[Data excerpt — start]

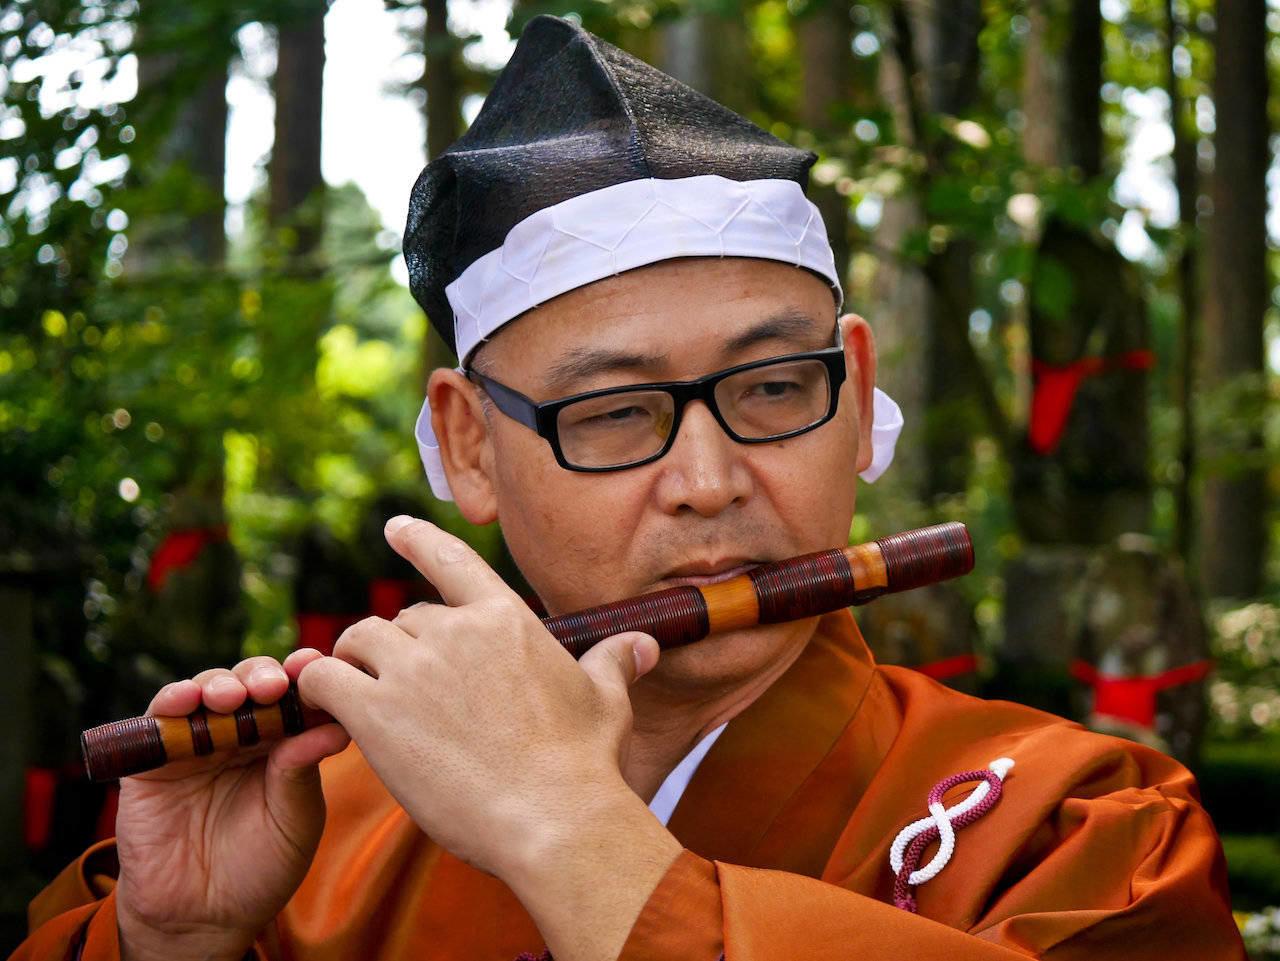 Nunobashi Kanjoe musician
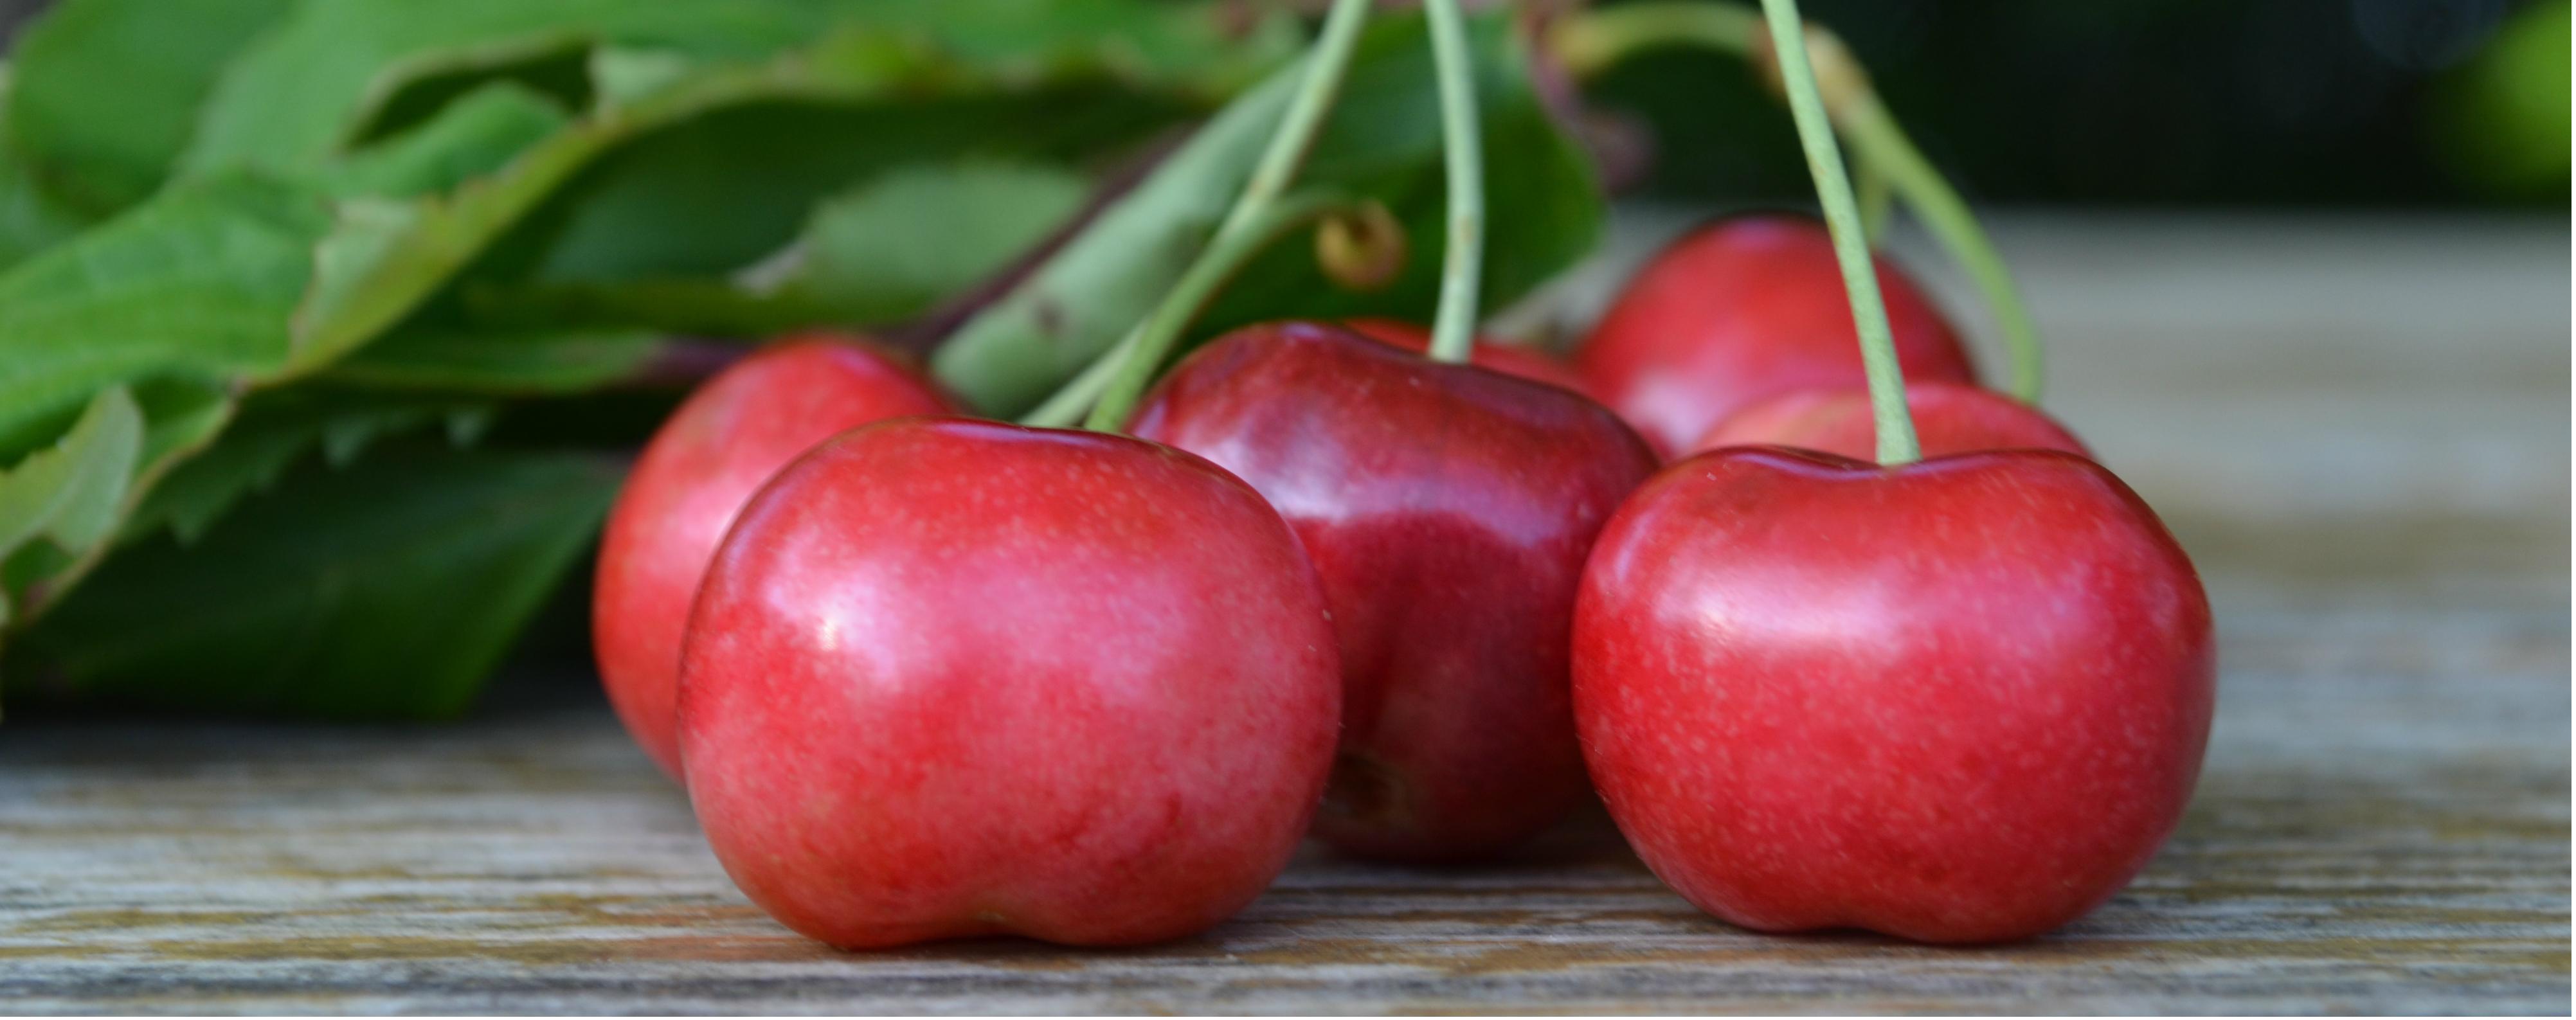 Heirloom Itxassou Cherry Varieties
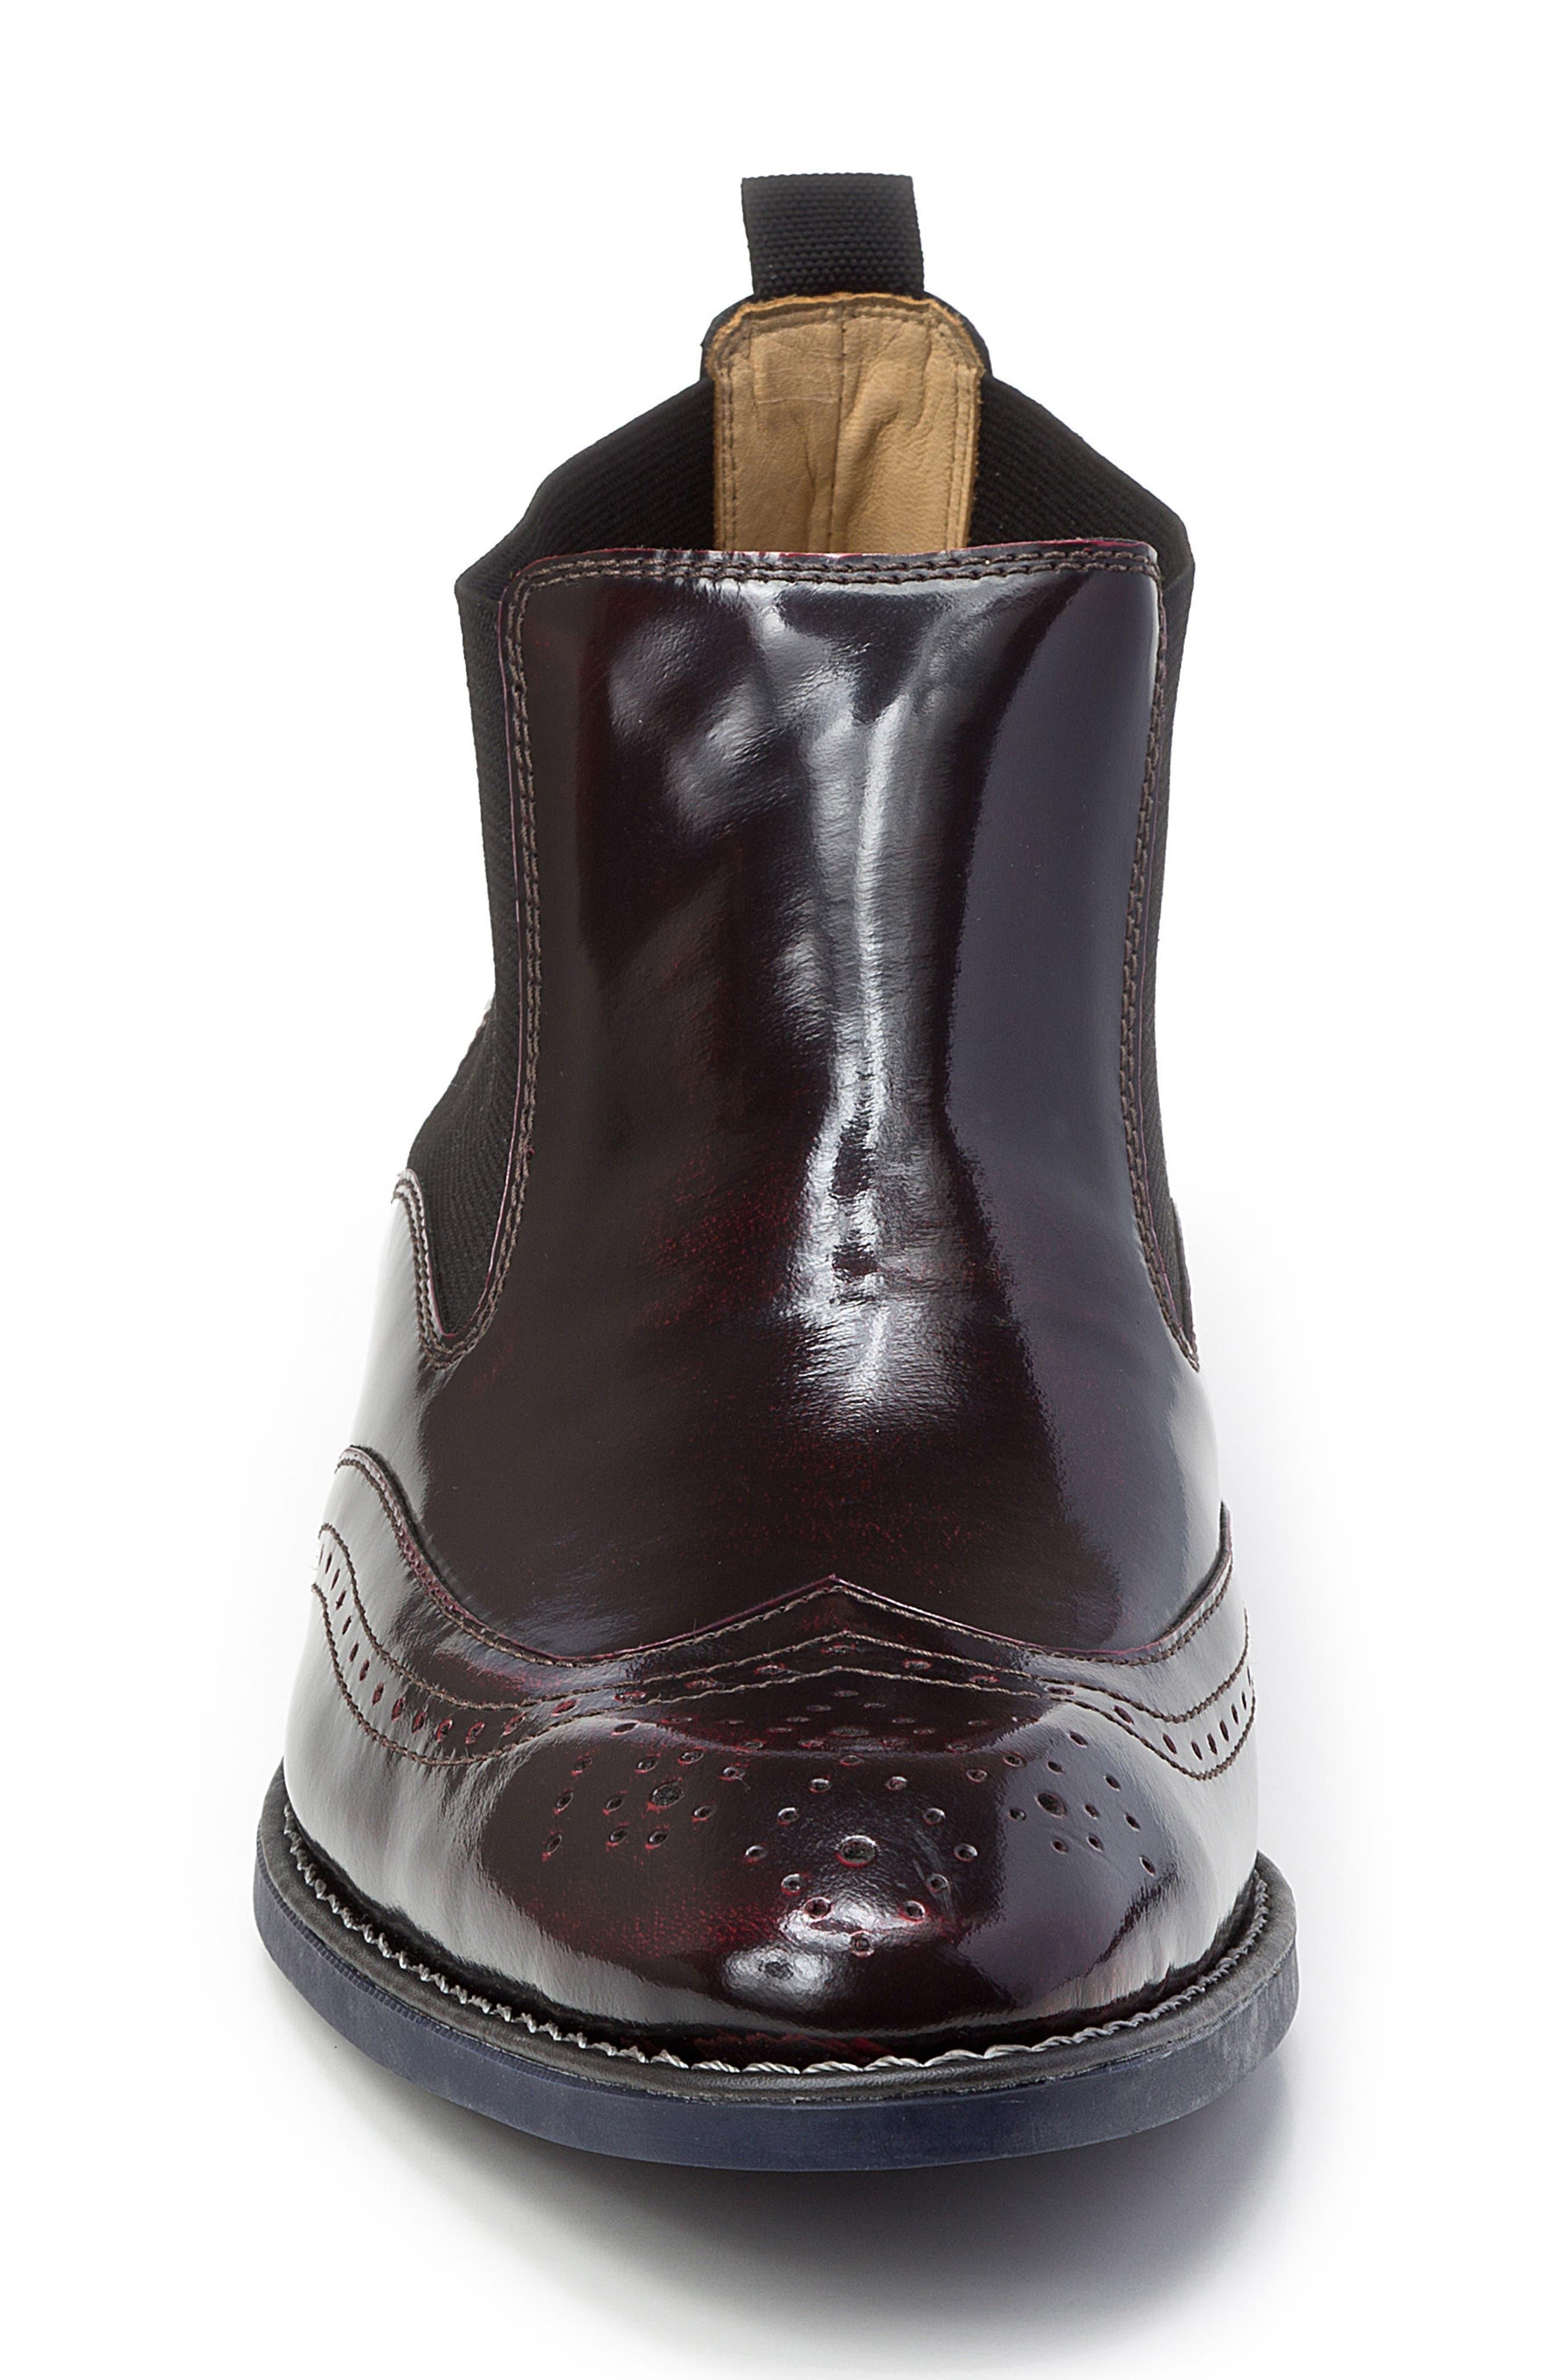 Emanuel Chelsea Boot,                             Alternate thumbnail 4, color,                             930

[Data excerpt — finish]

Transcribe every line of the listing above exactly; skip the pictures.

 Nunobashi Kanjoe musician
 Heirloom Itxassou Cherry Varieties
 Emanuel Chelsea Boot,                             Alternate thumbnail 4, color,                             930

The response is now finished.